La presentación sostiene además que las funciones desarrolladas por los despedidos habrían continuado realizándose después de sus salidas, ya sea mediante personal que permaneció en la empresa, subcontratación o incorporación de nuevos trabajadores no sindicalizados. Esta circunstancia forma parte de las alegaciones de los demandantes y deberá ser objeto de prueba durante la tramitación del proceso.

Los antecedentes laborales consignados en la demanda muestran, además, extensas trayectorias dentro de la compañía. El trabajador con mayor antigüedad ingresó el 1 de octubre de 1996; otros comenzaron sus relaciones laborales en 1998, 1999, 2004, 2005, 2007 y 2008. También figuran trabajadores contratados en 2015, 2020 y 2022.

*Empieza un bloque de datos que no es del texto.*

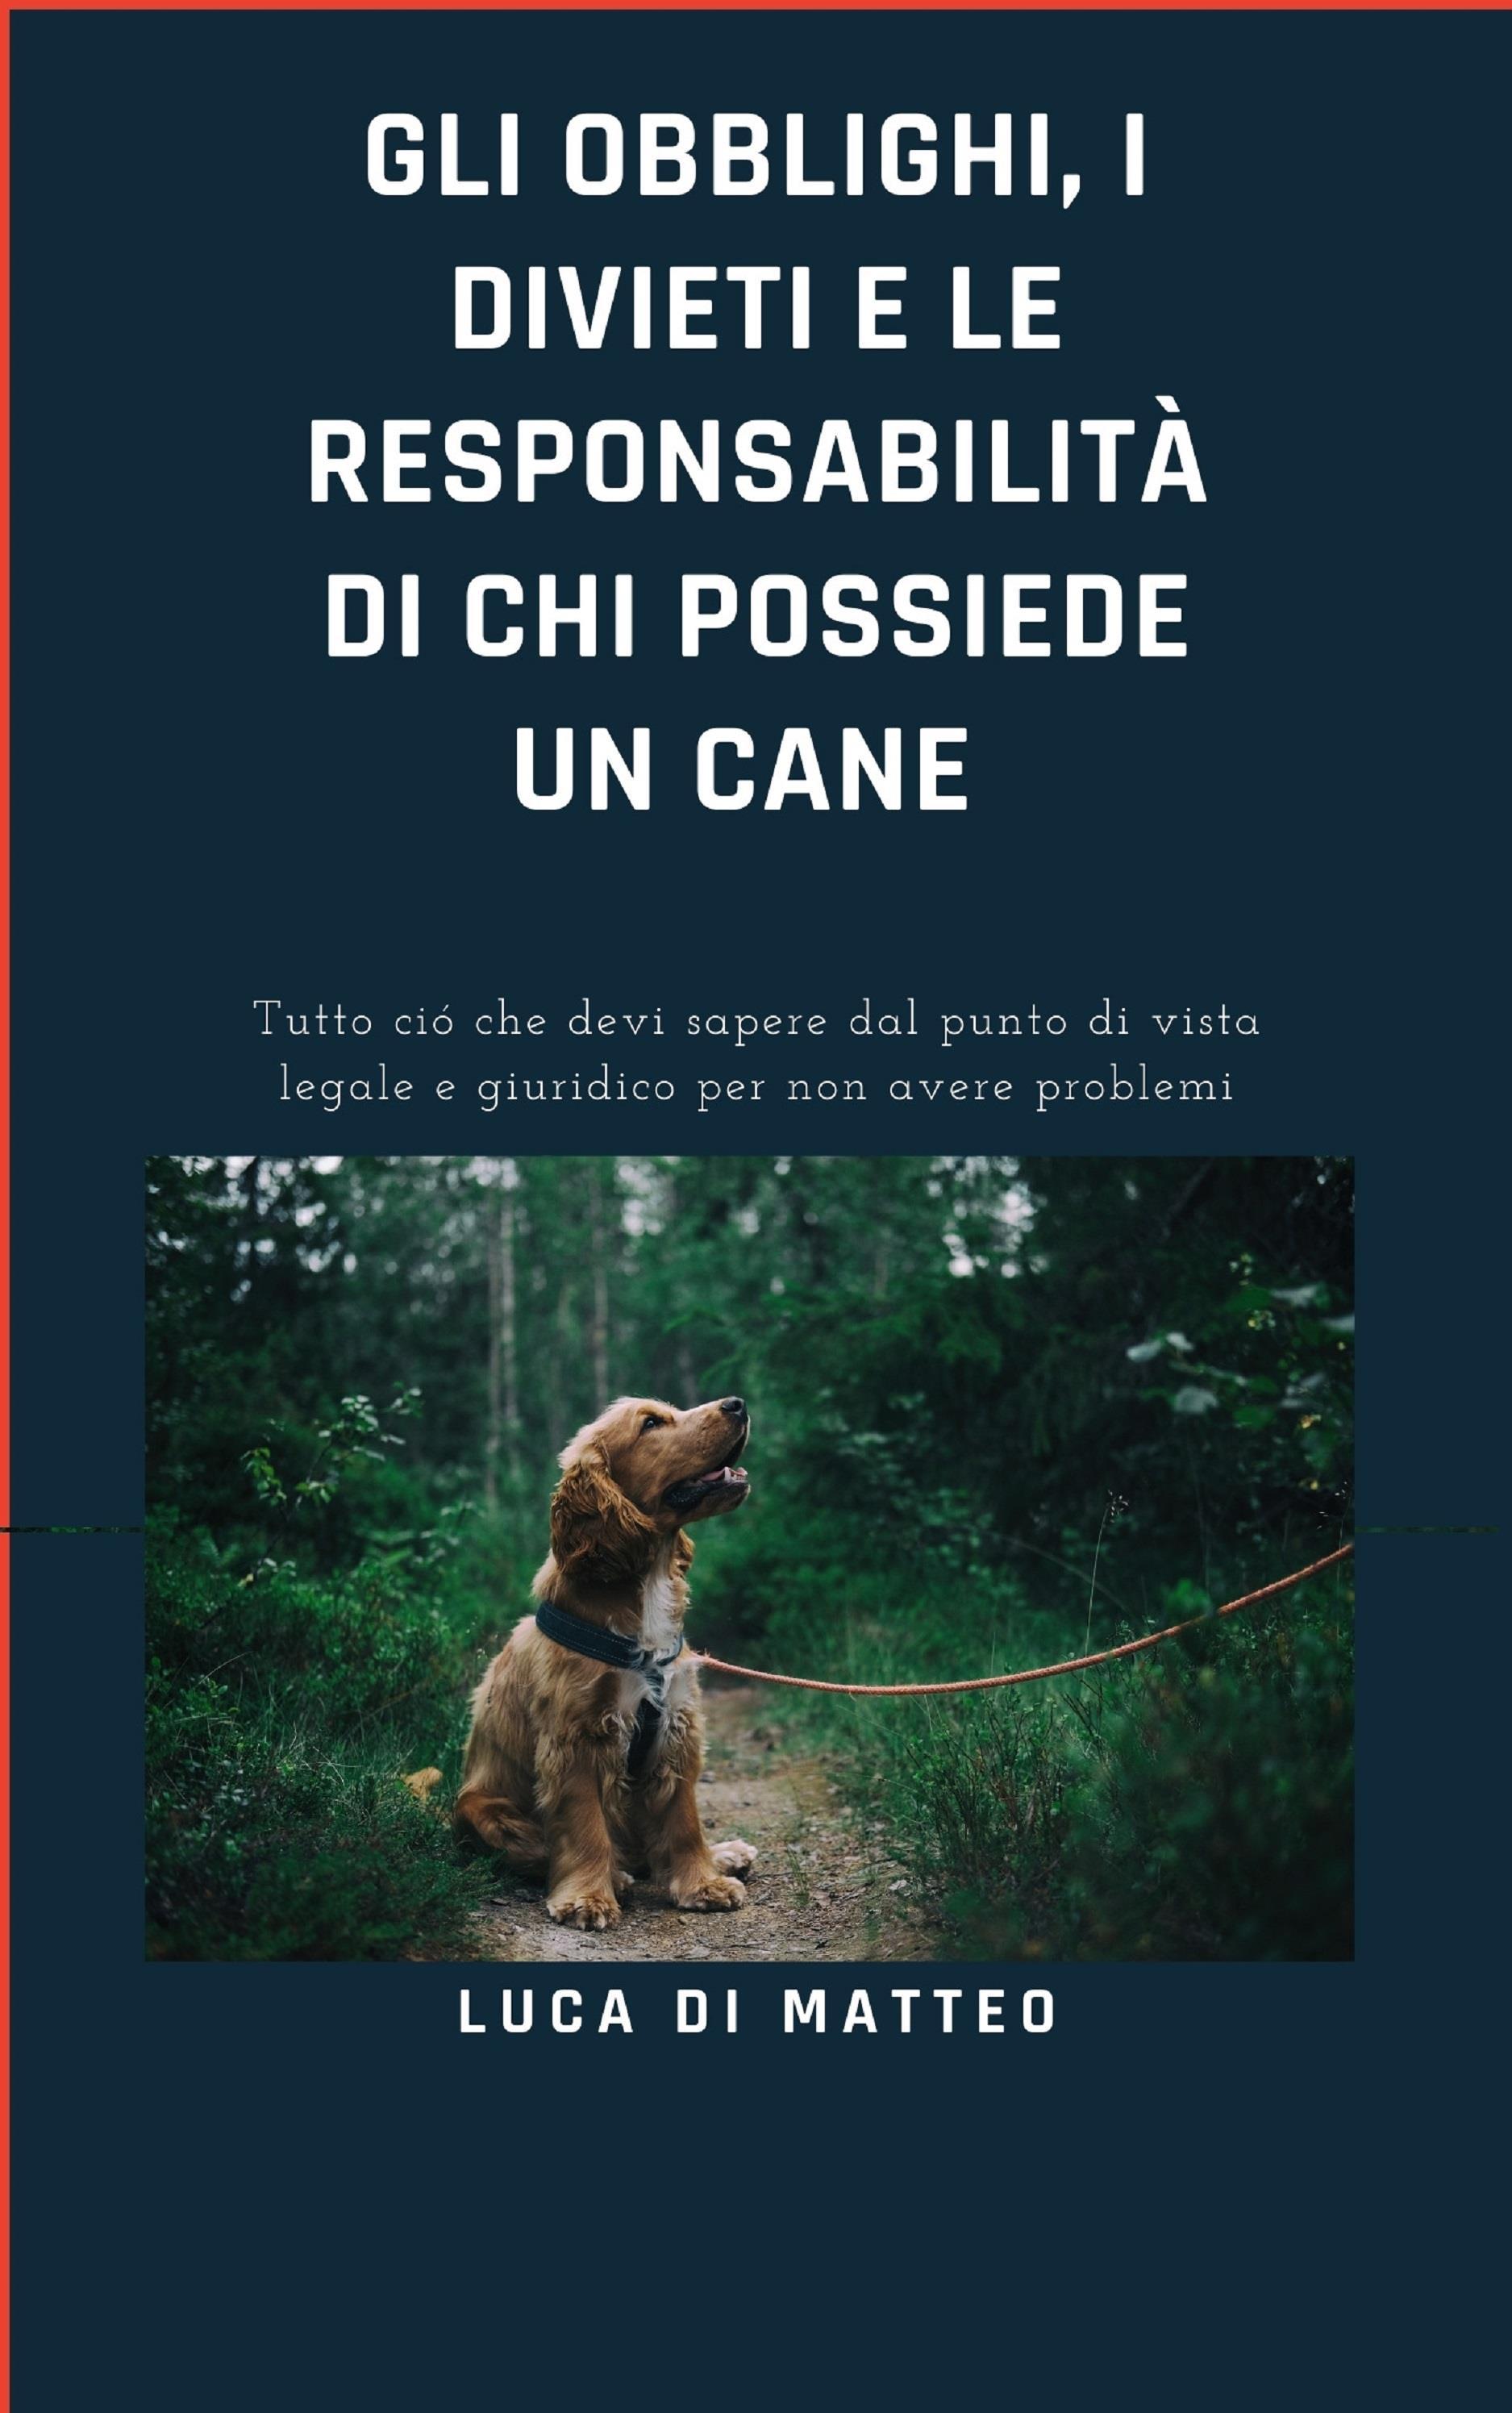 Gli obblighi, i divieti e le responsabilità di chi possiede un cane

La demanda solicita al tribunal que declare que los despidos fueron realizados con vulneración del derecho a la no discriminación por razón de sindicación y de la libertad sindical, además de calificarlos como improcedentes. Junto con ello, los demandantes solicitan el pago de recargos sobre las indemnizaciones por años de servicio, indemnizaciones adicionales equivalentes a 11 remuneraciones y, en nueve de los diez casos, la devolución de montos descontados por concepto del aporte del empleador al Seguro de Cesantía.

En subsidio, para el caso de que no prospere la tutela de derechos fundamentales, los trabajadores demandaron que los despidos sean declarados improcedentes y que se ordene el pago de las prestaciones laborales reclamadas.

La controversia deberá ahora ser resuelta judicialmente. La audiencia preparatoria se encuentra fijada para el 19 de octubre de 2026. Hasta ahora no existe una sentencia que determine que Prolesur haya vulnerado derechos fundamentales o incurrido en una conducta antisindical, por lo que las imputaciones descritas corresponden a los argumentos planteados por los extrabajadores en su demanda.